13 March 2006

Time To Move..

Yes, this will be over one day.. I will not speak of it again except in passing, no longer will it be needling at me to solve or act or do - or even just be; as it will be over.

I moved out of my apartment this weekend, and am in the process (after a breif stint with friends) of moving into my own place. I have a deposit on a place in Irvine, but now that I am up here in (near) Fullerton, I'm liking this idea so much better. Irvine may have 'status' but this place has much more and is much more me. Decisions.. If I move up here I hurt someone and lose a very good, very wonderful friendship (yes lose, it must be a clean break, for his sake as well as mine.) My changing and doing this will infuriate him as well - which irks the crap out of me - I understand you love me, but this is MY life, not yours; and hurt him.. ugh.. hurting him - the one thing I try desperately to avoid and end up doing anyway.

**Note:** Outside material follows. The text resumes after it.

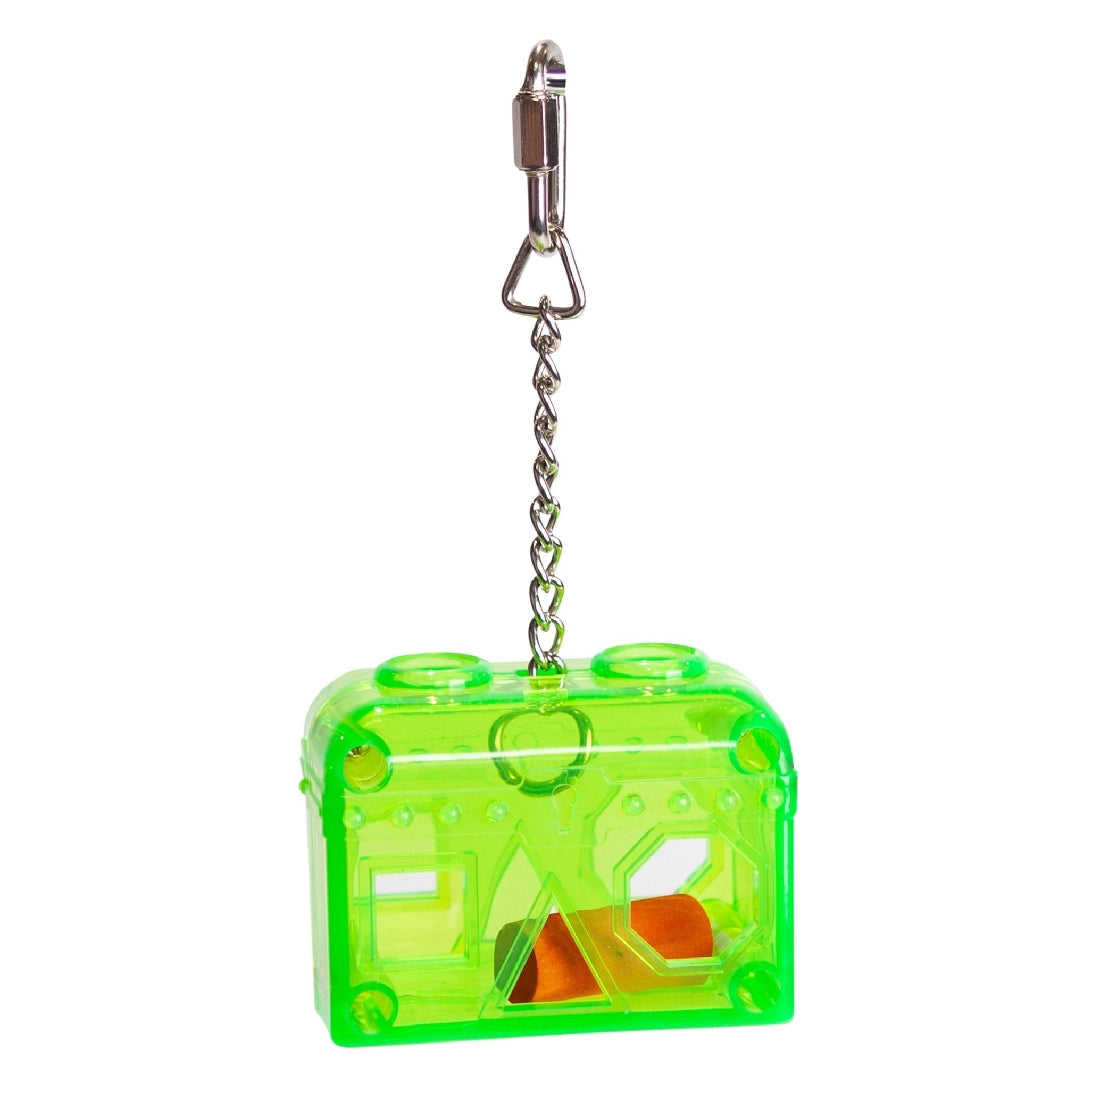 Green transparent bird toy with metal chain on white background.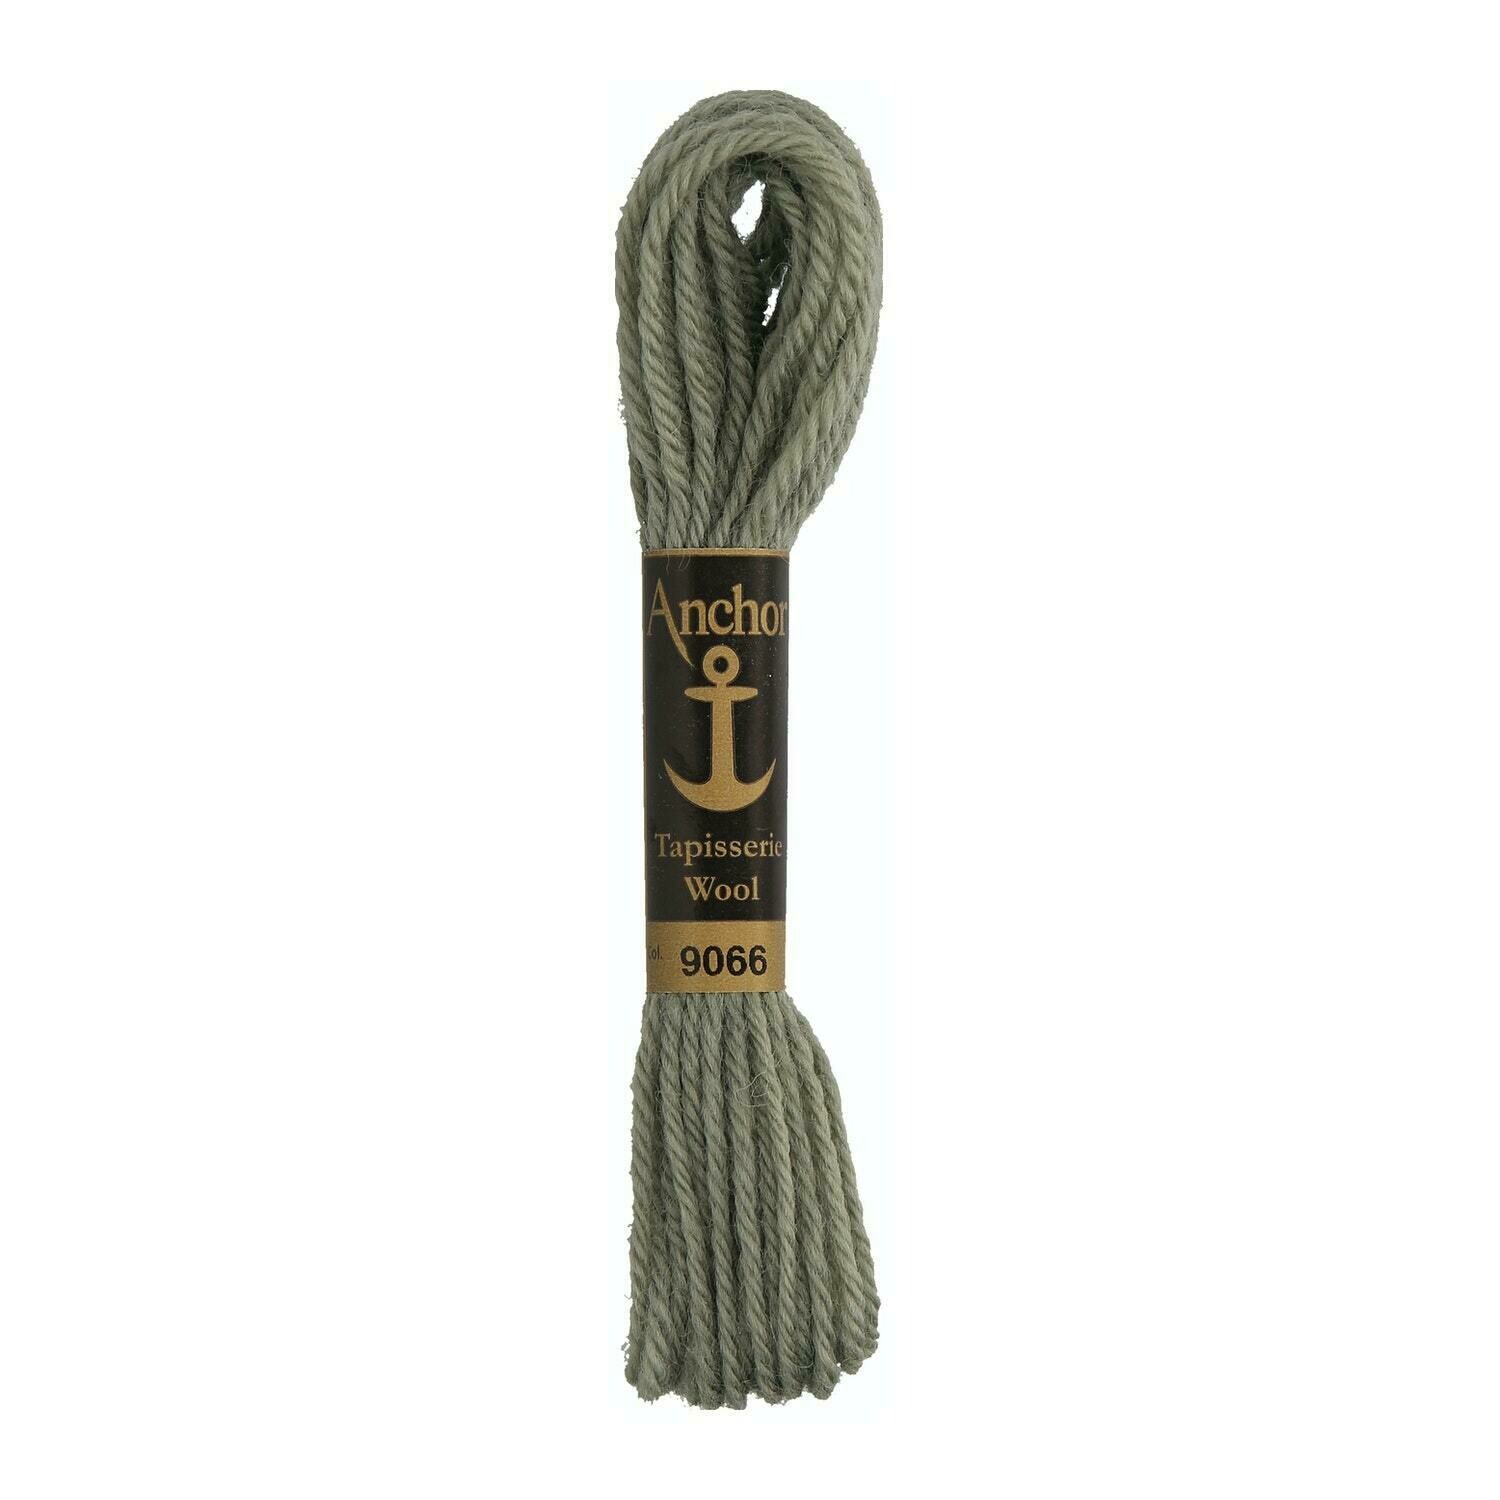 Anchor Tapisserie Wool #09066

My sister called me today to tell me she is preggers - I am ESTATIC for her.. but was left crying over what I know I want and what I know I will not have with RTK - is it odd that I love a child yet conceived? That I know her, or believe that I do.. her name.. her ways.. and that I can see her dancing before me - though she is but a twinkle in my eye. In staying with him I forsake her.. Walk away from her, the hope of her.. and even worse, the promise of her. That thought brings tears every time. I am too old to hope and wish that someone will change. I am too old to deal with the bullshit of the past that was not my fault or my issue. Harsh, but true. He is going to be the recipient of the lessons he has taught me.. does he know? I love his daughter - but she is not mine. I love him, but he is my friend.. and the passion that I desire is not found in him.. elsewhere? yes.. In him - I don't, as much as I want to, believe so. I am loved, I am protected, I am cared for, I am nurtured, I am fretted over, I am adored.. And even this isn't enough for me! To fulfill those desires that run ocean deep in me.. wife and mom wife and mom wife and mom.. I hear it call to me as if the blood in my very veins....... it is who I am.. it is what defines me.. Love, shockingly, is not enough.

I am growing.. I am changing.. I am moving.. I am becoming me - whoever she may be and I love that.